I know what you’re thinking. Someone’s been sucking a little too hard and fast on the whiskey bottle. But I swear, no. Really. Just hear me out, for crying out loud!
I just finished Breaking Dawn , the fourth book in the Stephenie Meyer’s Twilight saga. Now I’ve written about this series before, back in February. Well, after reading the whole series, I no longer feel these books are sexy. No. Mind -boggling might be more appropriate. Despite my growing annoyance with the main character, Bella, whose need for self-sacrifice is bordering on pathological, and her sticky sweet romance with the insipid Edward, I found this series fascinating. Why? Because it is sooo popular. I keep wondering what everybody sees in it. Basically it is over a thousand pages of a love triangle between a normal human teenager, her werewolf best-friend and a hundred year old vampire.
WARNING-SPOILER: stop reading if you have not and are planning on reading the series. I will totally spoil it for you. So stop. Stop now.
The last book begins with Bella getting married and then, and only then having sex. Of course, as Bristol Palin can now attest, unprotected sex, apparently even with the undead, leads to the growth of people in your belly. And of course, Bella, the little martyr, must take the baby to term even if she faces certain death. Because, abortion, even when it is super strong undead spawn, was never an option.
I am not making this up. This is the series that was almost as popular as Harry Potter. Now, at the time that I was finishing the last book in the series, our venerable playmobile Prime Minister called an election. And I happened to be listening to that age old institution on the CBC, Cross Country Checkup. And all the young people that phoned in the show were proud Conservatives.
Pause. Of course, Cross country checkup is not an official poll. In fact, it is probably only a showcase for the more opiniated of us. But still, I was surprised. How could all these young people be so enamoured with Conservative ideology?

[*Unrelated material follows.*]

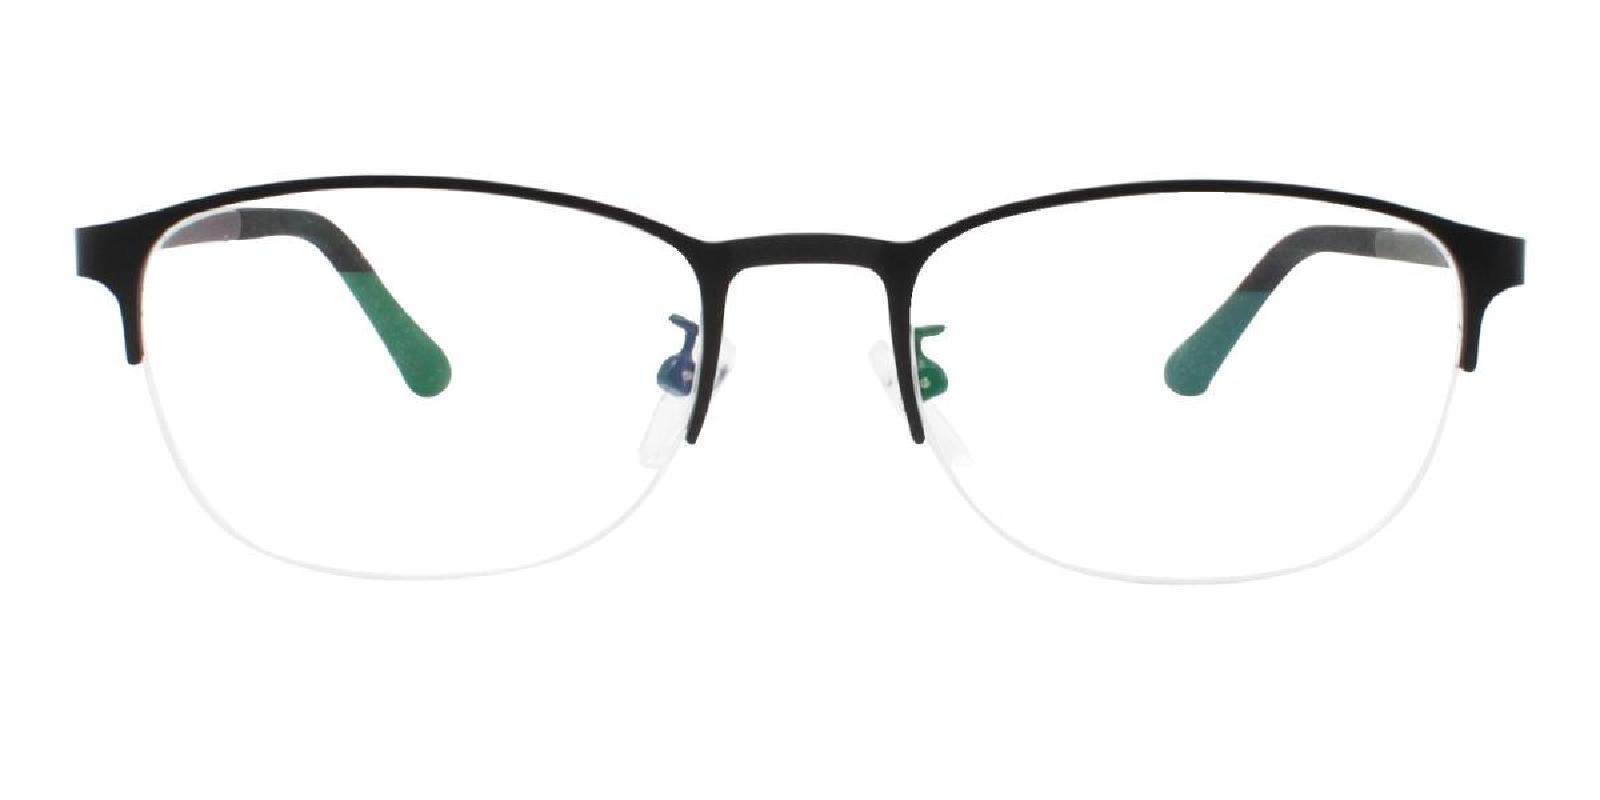 Cora-Black-Rectangle-Metal-Eyeglasses-additional2

Then I thought about a presentation I attended a couple years back at a Library conference on the millenials, or the Y generation. Apparently, the Y generation is less cynical, less prone to bouts of irony, and yes, more conservative in their value system. Now, being the good librarian and doing a fast check on this Y generation thing, I see the profile might have changed slightly since I attended the conference (for one, according to wikipedia, they are more open to sexual relationships without romantic attachments than any other generation), but it still leaves us with this fascinating problem: What is going on in the collective psyche of our youth (and I shudder to think that I can say that without being one of them) when millions of teenagers find them obsessing over what amounts to a one dimensional, unrealistic, you are my knight in shining armour please, please make me undead just like you romance? What are they missing that this is appealing to them? Is it because their generation has experienced more family breakdown than any other? Why? Why?

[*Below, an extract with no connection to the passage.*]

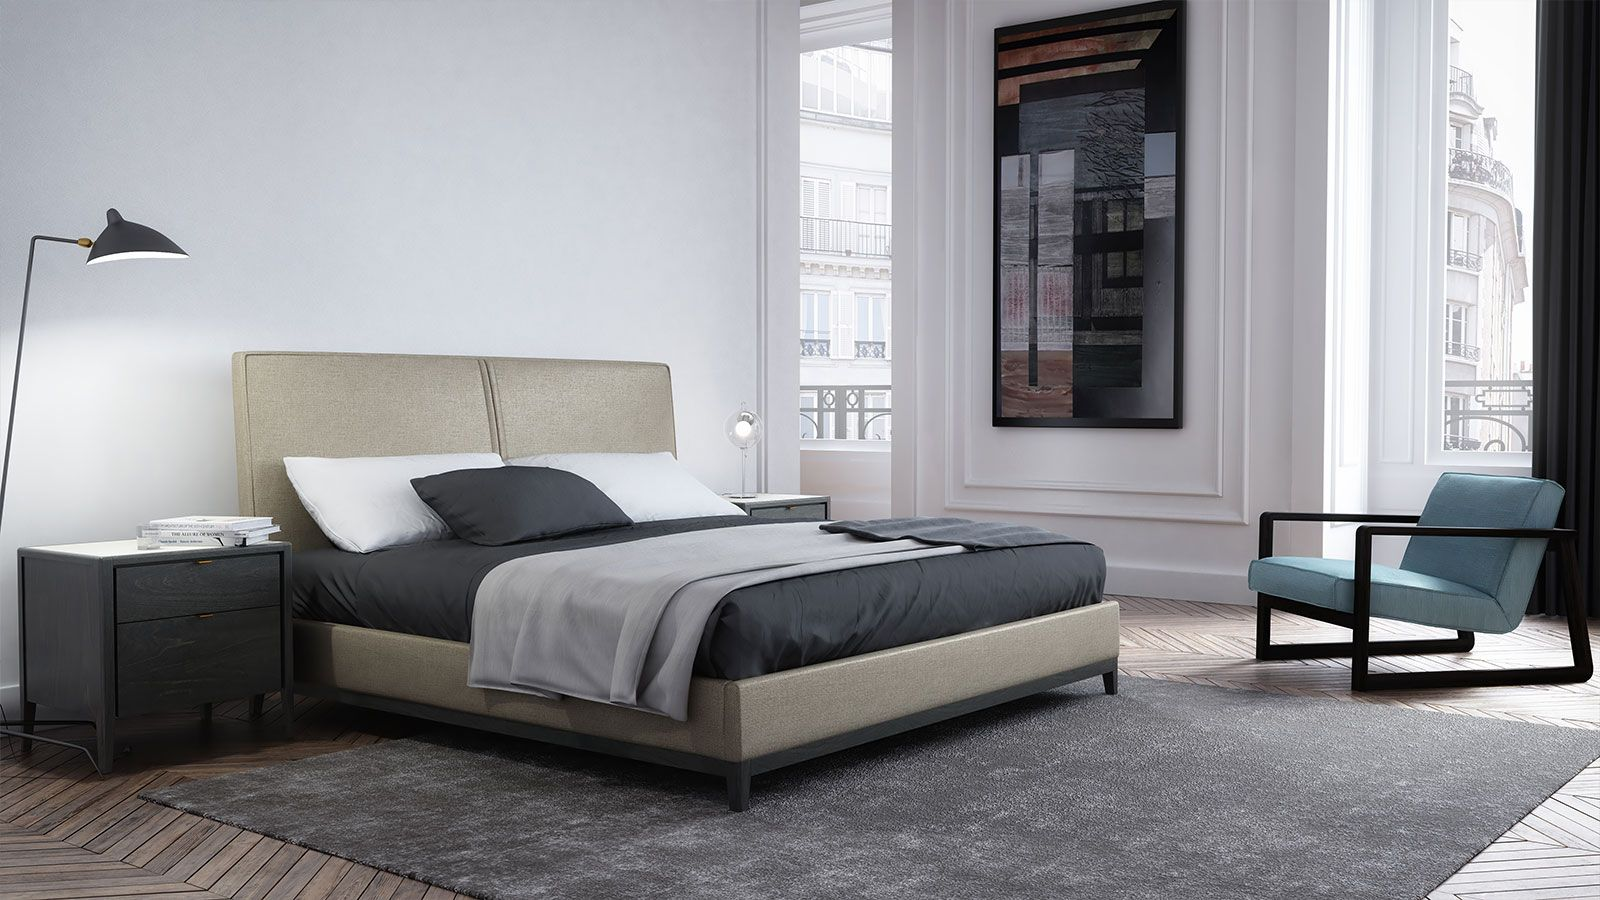 Manufacturier De Meubles Contemporain Huppe Top Quality Bedroom Furniture Modern Upholstered Beds Furniture

The only thing I can think of is that the pendulum is swinging to the right and that that is being reflected in the literature of our youth.
Yes, people, I think I have my thesis topic ready if ever I am insane enough to go back to school.

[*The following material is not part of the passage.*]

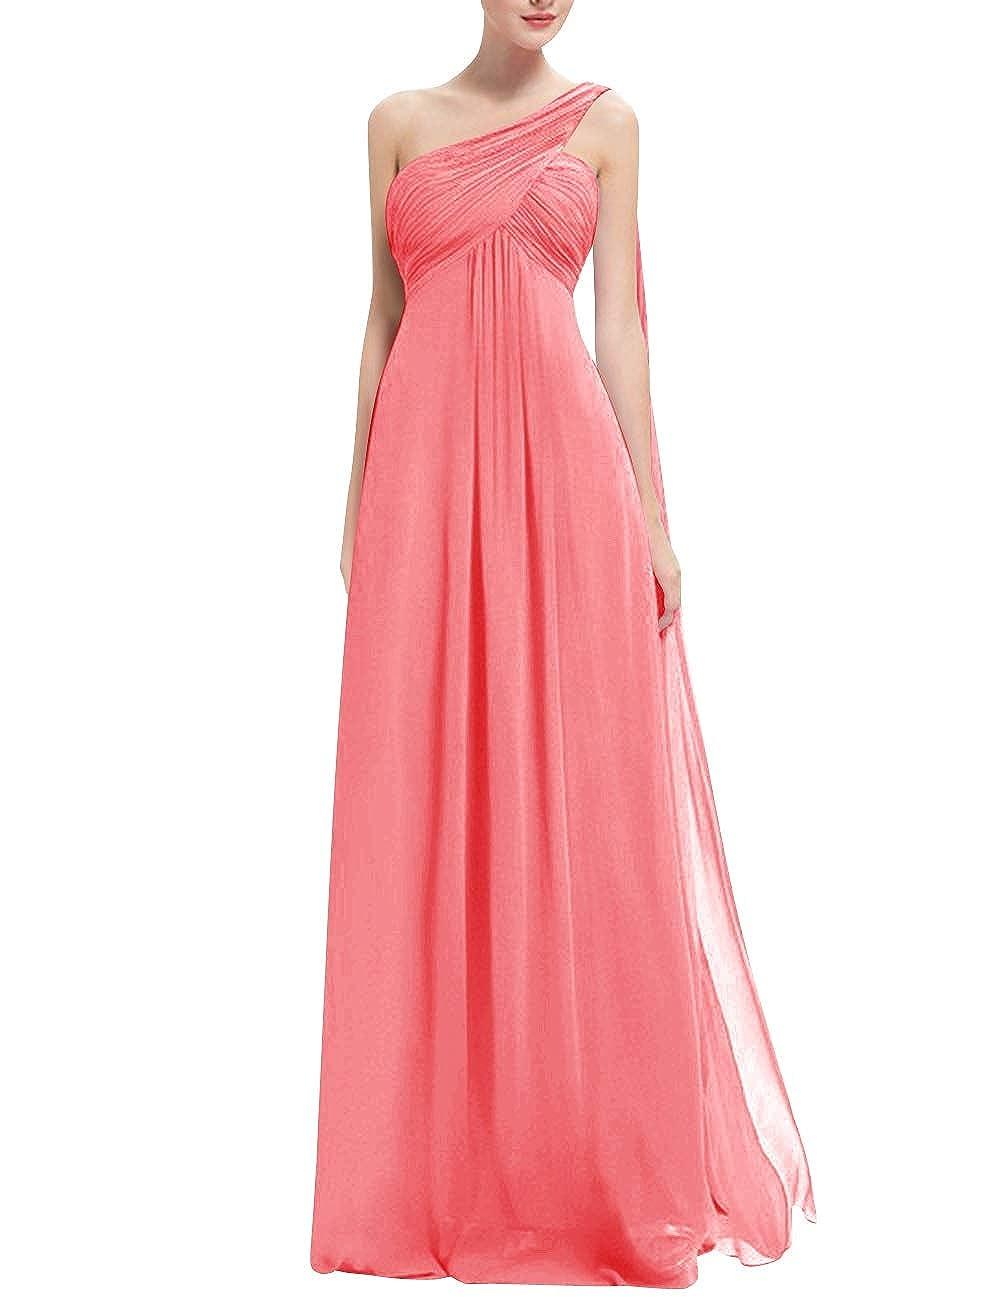 Bess Bridal Womens One Shoulder High Waist Watteau Train Prom Bridesmaid Dress

But it is people of our generation who are writing these stories for these so-called conservative youth. And our generation who is marketing this stuff to these neo-conservative assholes. Um, I mean “children”.>>So what is that saying about our peer/age group?>>And has this gen Y group REALLY been experiencing more family breakdown than any other group (what IS family breakdown?) Do you have reliable stats to prove family breakdown – uh, that’s a rhetorical question because I think stats of all kinds are inherently flawed, and I also think the traditional definition of “family” is inherently flawed (and completely made up, if we are talking the nuclear family which didn’t exist 100+ years ago.)